Andrew Palmer, an economist Bartleby columnist and boss class Wry host, his outstanding leadership podcast, has also launched the newsletter. Bartleby is “Your Guide to the Affair of Office Life” for Economist subscribers. It’s interesting and insightful – and I think we can deal with two workplace newsletters in our inbox.
Book Giveaways is back (finally!) 📚
Due to my own inefficiency (i.e., the very wise mantra of Guru Cal Newport, who doesn’t pay attention to productivity: “Do less. Do better”) we have a great book marking their return: Good Anger: How to Rethink Rage can change our lives by Sam Parker. I’ve heard Sam speak inspiringly about why he wrote the book and how he embraces the dark side of his emotions (in a good way) and how he embraces his life. If you want to grasp anger, this book is for you.
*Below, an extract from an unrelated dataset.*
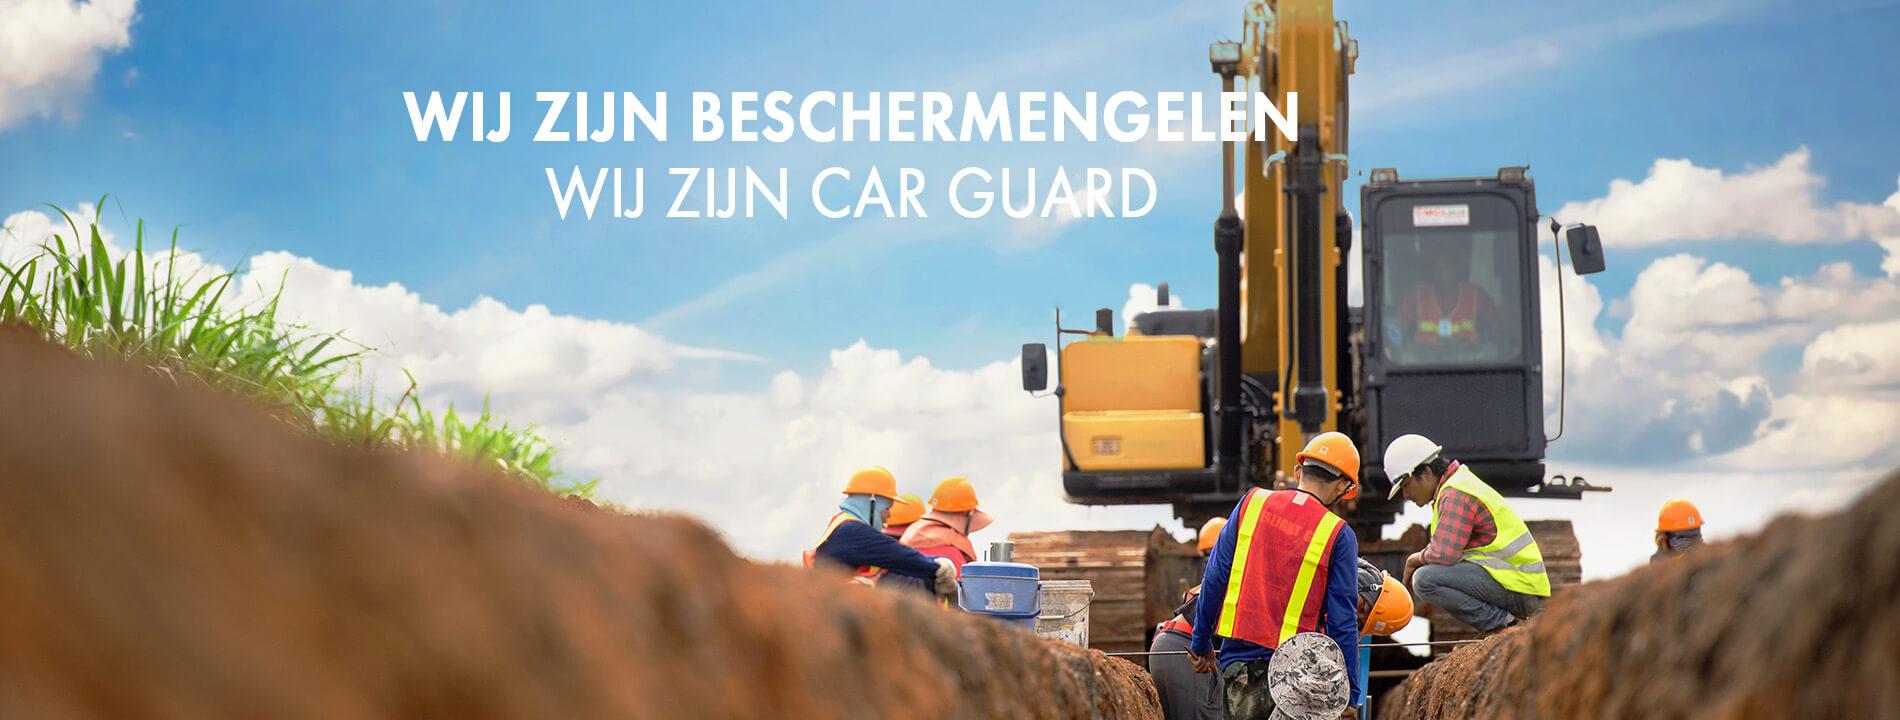 Wij zijn beschermengelen - Wij zijn Car Guard

We’ll return to Sam and in another newsletter we’ll return to our anger and many of its impacts on our working lives. In the meantime, you’ll have a chance to enter this form and win one of the 10 copies. The deadline is 5pm on June 20th. Winners will be selected at random.

Before you go. . .
Are we trying to see a massive reversal on the types of carriers that are valued and paid high? It is a subsac essay by Carmen van Kerkhove, entitled “Your work was used to impress people. The era is just over.” As she said, “We built an entire social structure around the idea that the work we are ‘thinking’ is thinking about the idea that we are ‘at work’. That degree is more important than skill. “Is it all about to crash? Carmen (who works in marketing) doesn’t come to a solid conclusion, but it suggests that unlike what we all saw before, we need to be prepared for a “flip.”
The rise of skilled trading as an AI proof carrier is something I’ve been talking to Gen Z kids. (If you can’t get a graduate job, do you need to train in practical things?) The “flip” of highly paid types of jobs is more than just a change in the concept of financial security.